Versus Gemma: Google's open-weight line has shipped since 2024 under an increasingly permissive license, but Gemma has topped out around 27 to 31 billion parameters and has never targeted the frontier tier. Inkling, at 975 billion total parameters with five-provider day-one distribution, is the first American open-weight attempt to compete at the scale Gemma never tried to reach.
When to use it
Inkling makes sense for teams that want a broadly competent, highly customizable foundation to fine-tune for a specific workload, and for use cases where calibrated, uncensored factual answering matters more than leading any single coding leaderboard.
When not to use it
Teams chasing the top score on a specific benchmark, like SWE-bench Pro or Terminal-Bench, will likely find GLM 5.2 or DeepSeek V4 a better fit today.

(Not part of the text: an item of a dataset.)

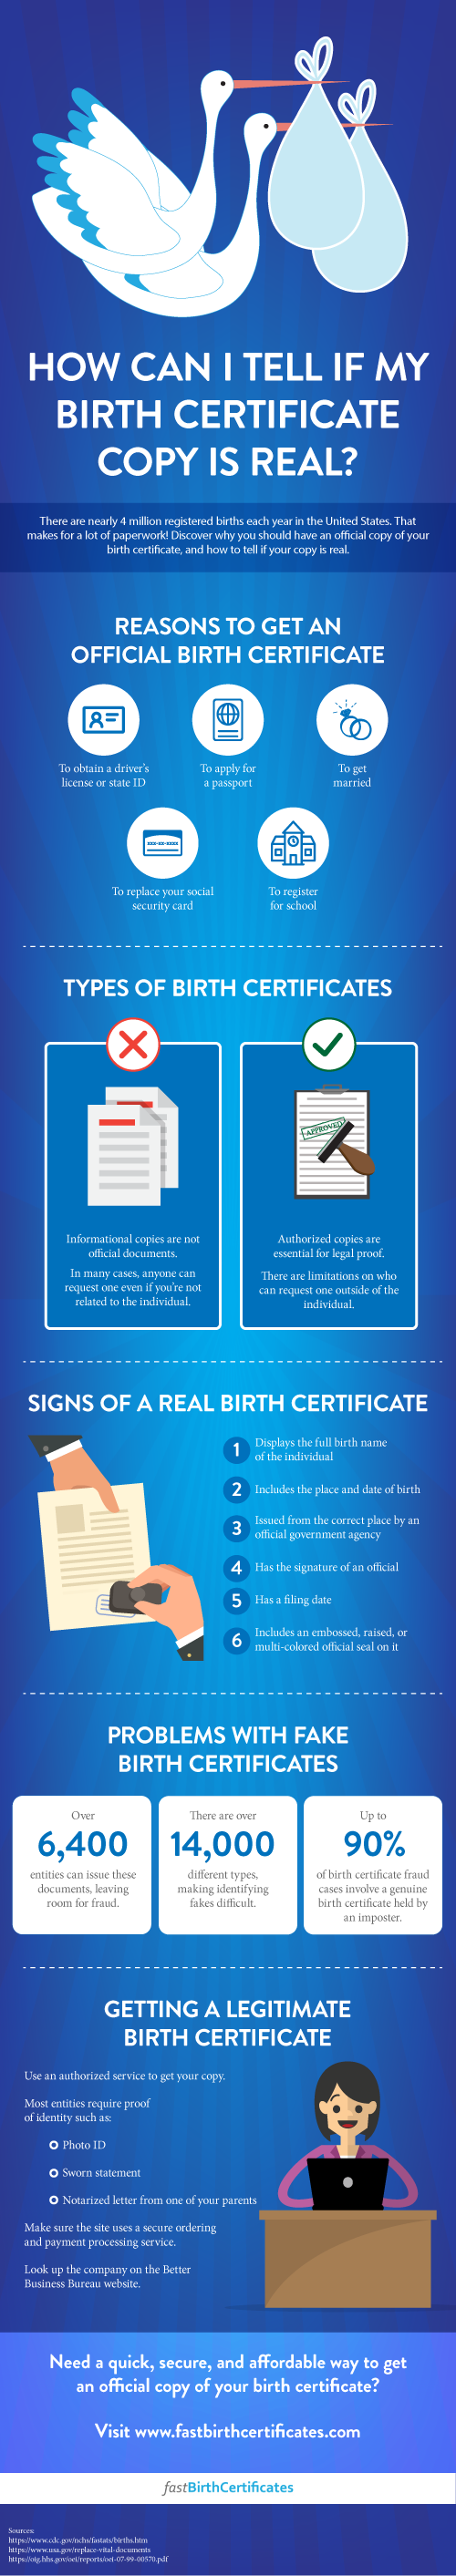 infographic - how can it ell if my birth certificate copy is real

Thinking Machines has also signaled that future models will not necessarily ship open-weight, so Inkling's licensing terms should not be assumed to extend to the company's next release.
Bottom line
Inkling is not trying to win this month's leaderboard. It is betting that a broadly reliable, well-calibrated generalist has more durable value a year from now than a model tuned to this week's specific evaluation, and it is the first Western lab to make that bet at frontier scale.